Dummy variable x is distinct from all other variables.

Step	Hyp	Ref	Expression
1		ress0g.s	. . . 4 |- S = ( R ↾s A )
2	1	a1i 9	. . 3 |- ( ( R e. Mnd /\ .0. e. A /\ A C_ B ) -> S = ( R ↾s A ) )
3		ress0g.b	. . . 4 |- B = ( Base ` R )
4	3	a1i 9	. . 3 |- ( ( R e. Mnd /\ .0. e. A /\ A C_ B ) -> B = ( Base ` R ) )
5		simp1 999	. . 3 |- ( ( R e. Mnd /\ .0. e. A /\ A C_ B ) -> R e. Mnd )
6		simp3 1001	. . 3 |- ( ( R e. Mnd /\ .0. e. A /\ A C_ B ) -> A C_ B )
7	2, 4, 5, 6	ressbas2d 12686	. 2 |- ( ( R e. Mnd /\ .0. e. A /\ A C_ B ) -> A = ( Base ` S ) )
8		eqidd 2194	. . 3 |- ( ( R e. Mnd /\ .0. e. A /\ A C_ B ) -> ( +g ` R ) = ( +g ` R ) )
9		basfn 12676	. . . . . 6 |- Base Fn _V
10	5	elexd 2773	. . . . . 6 |- ( ( R e. Mnd /\ .0. e. A /\ A C_ B ) -> R e. _V )
11		funfvex 5571	. . . . . . 7 |- ( ( Fun Base /\ R e. dom Base ) -> ( Base ` R ) e. _V )

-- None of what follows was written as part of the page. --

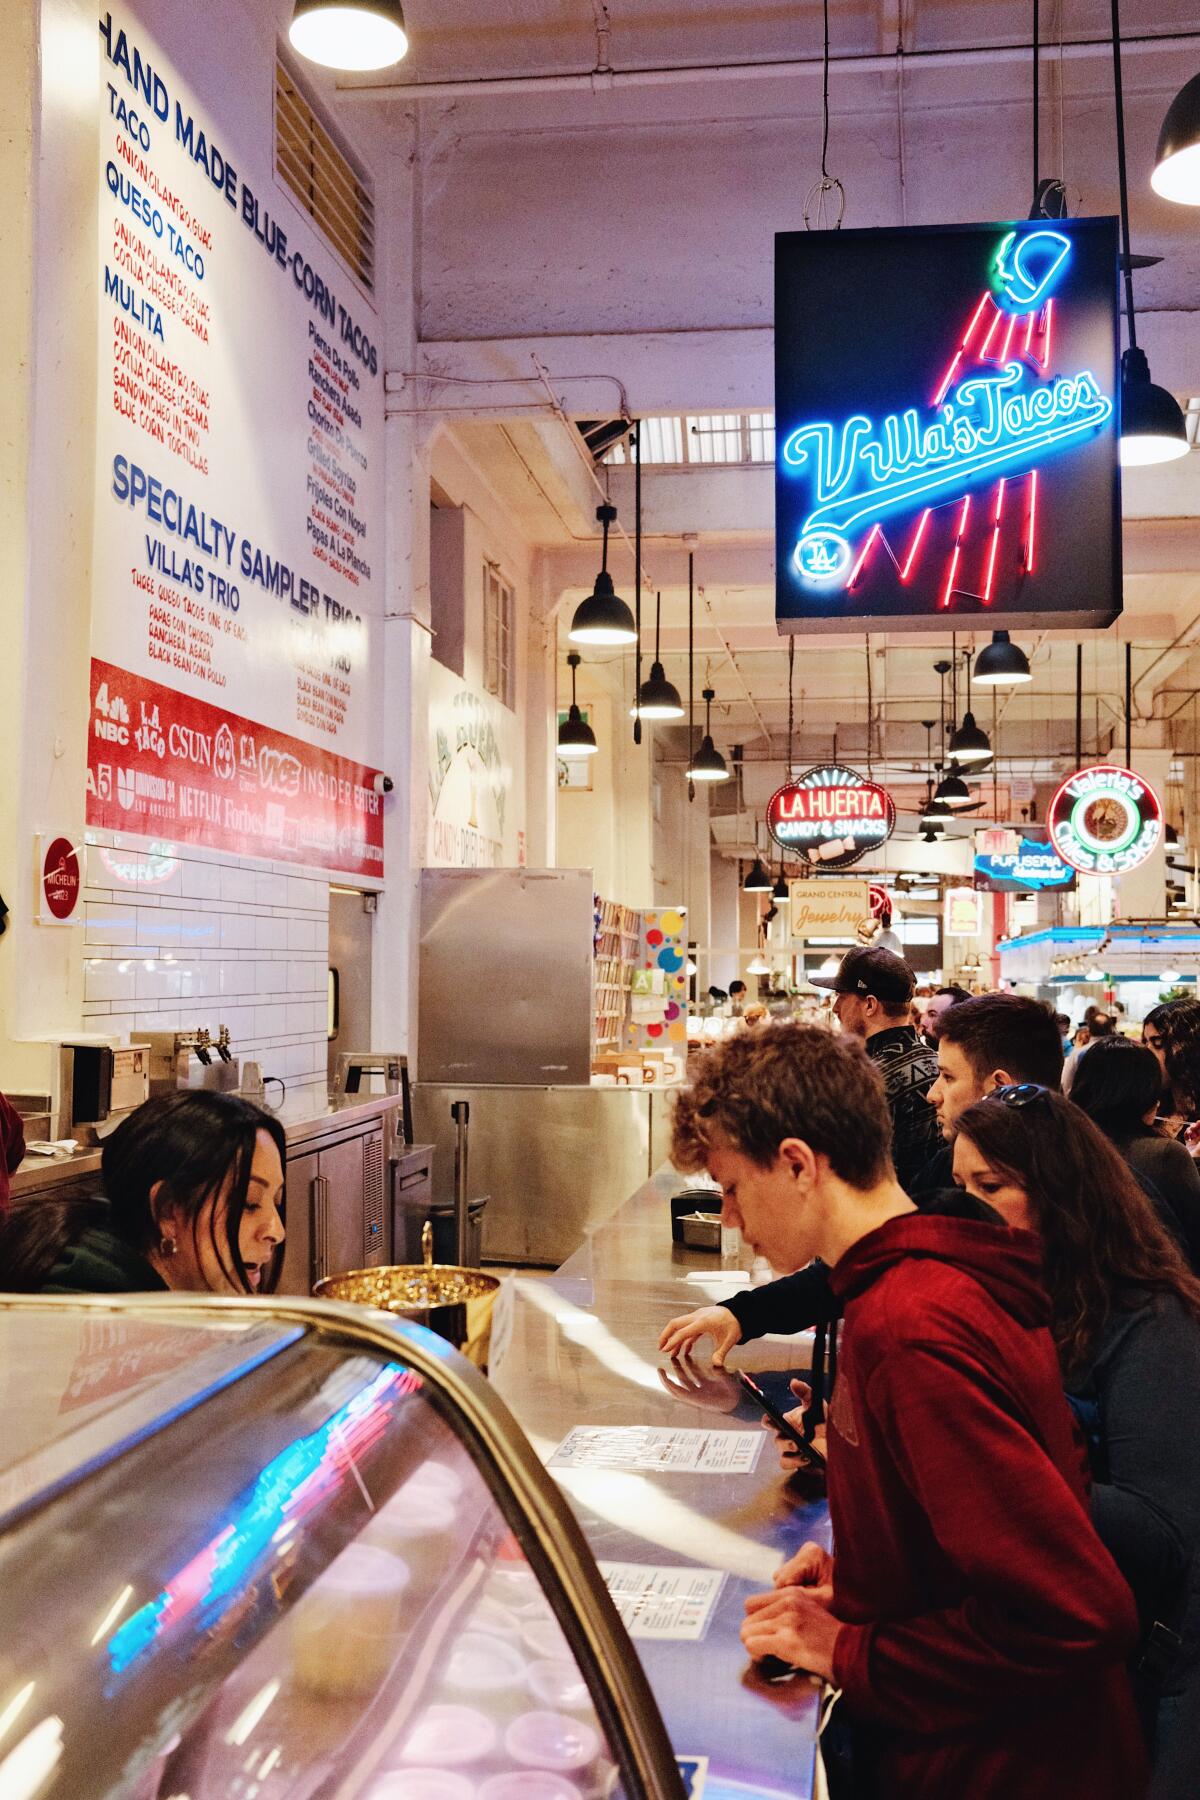 Guests ordering at the Villa's Tacos stand in Grand Central Market Los Angeles

12	11	funfni 5354	. . . . . 6 |- ( ( Base Fn _V /\ R e. _V ) -> ( Base ` R ) e. _V )
13	9, 10, 12	sylancr 414	. . . . 5 |- ( ( R e. Mnd /\ .0. e. A /\ A C_ B ) -> ( Base ` R ) e. _V )

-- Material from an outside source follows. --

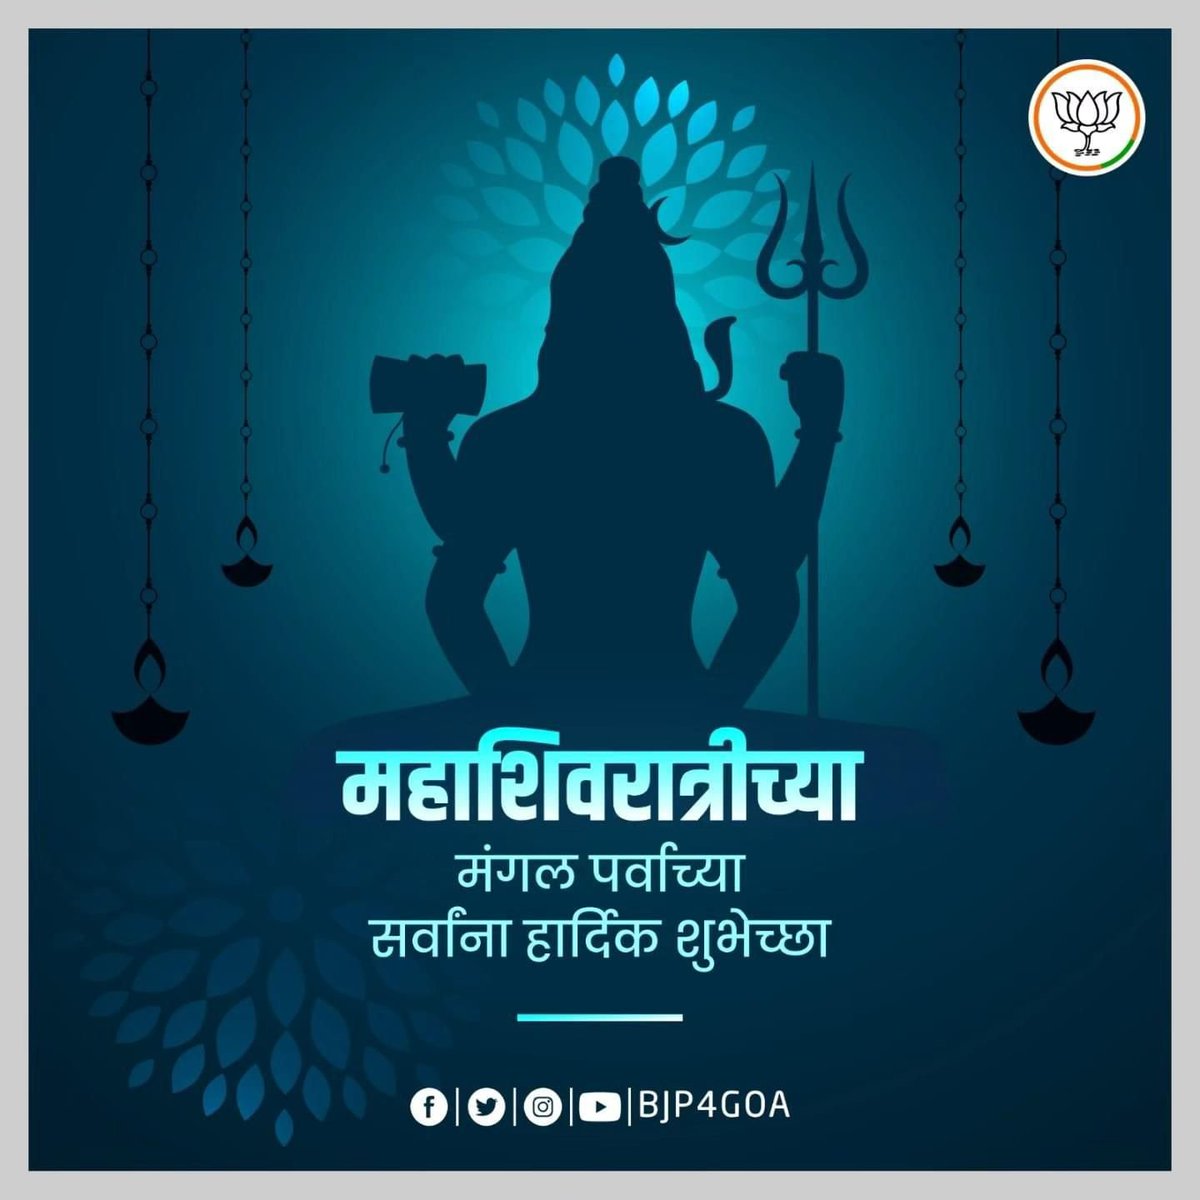 Wishing our #NariShakti a #HappyWomensDay. Let us seek the blessings of #LordShiva on this auspicious occasion of #Mahashivratri2024!! #Mahashivratri #Mahashivaratri2024 #Mahadev #shivratri #WomenEmpowerment #WomensDay

14	3, 13	eqeltrid 2280	. . . 4 |- ( ( R e. Mnd /\ .0. e. A /\ A C_ B ) -> B e. _V )
15	14, 6	ssexd 4169	. . 3 |- ( ( R e. Mnd /\ .0. e. A /\ A C_ B ) -> A e. _V )
16	2, 8, 15, 5	ressplusgd 12746	. 2 |- ( ( R e. Mnd /\ .0. e. A /\ A C_ B ) -> ( +g ` R ) = ( +g ` S ) )
17		simp2 1000	. 2 |- ( ( R e. Mnd /\ .0. e. A /\ A C_ B ) -> .0. e. A )
18		simpl1 1002	. . 3 |- ( ( ( R e. Mnd /\ .0. e. A /\ A C_ B ) /\ x e. A ) -> R e. Mnd )
19	6	sselda 3179	. . 3 |- ( ( ( R e. Mnd /\ .0. e. A /\ A C_ B ) /\ x e. A ) -> x e. B )
20		eqid 2193	. . . 4 |- ( +g ` R ) = ( +g ` R )
21		ress0g.0	. . . 4 |- .0. = ( 0g ` R )
22	3, 20, 21	mndlid 13016	. . 3 |- ( ( R e. Mnd /\ x e. B ) -> ( .0. ( +g ` R ) x ) = x )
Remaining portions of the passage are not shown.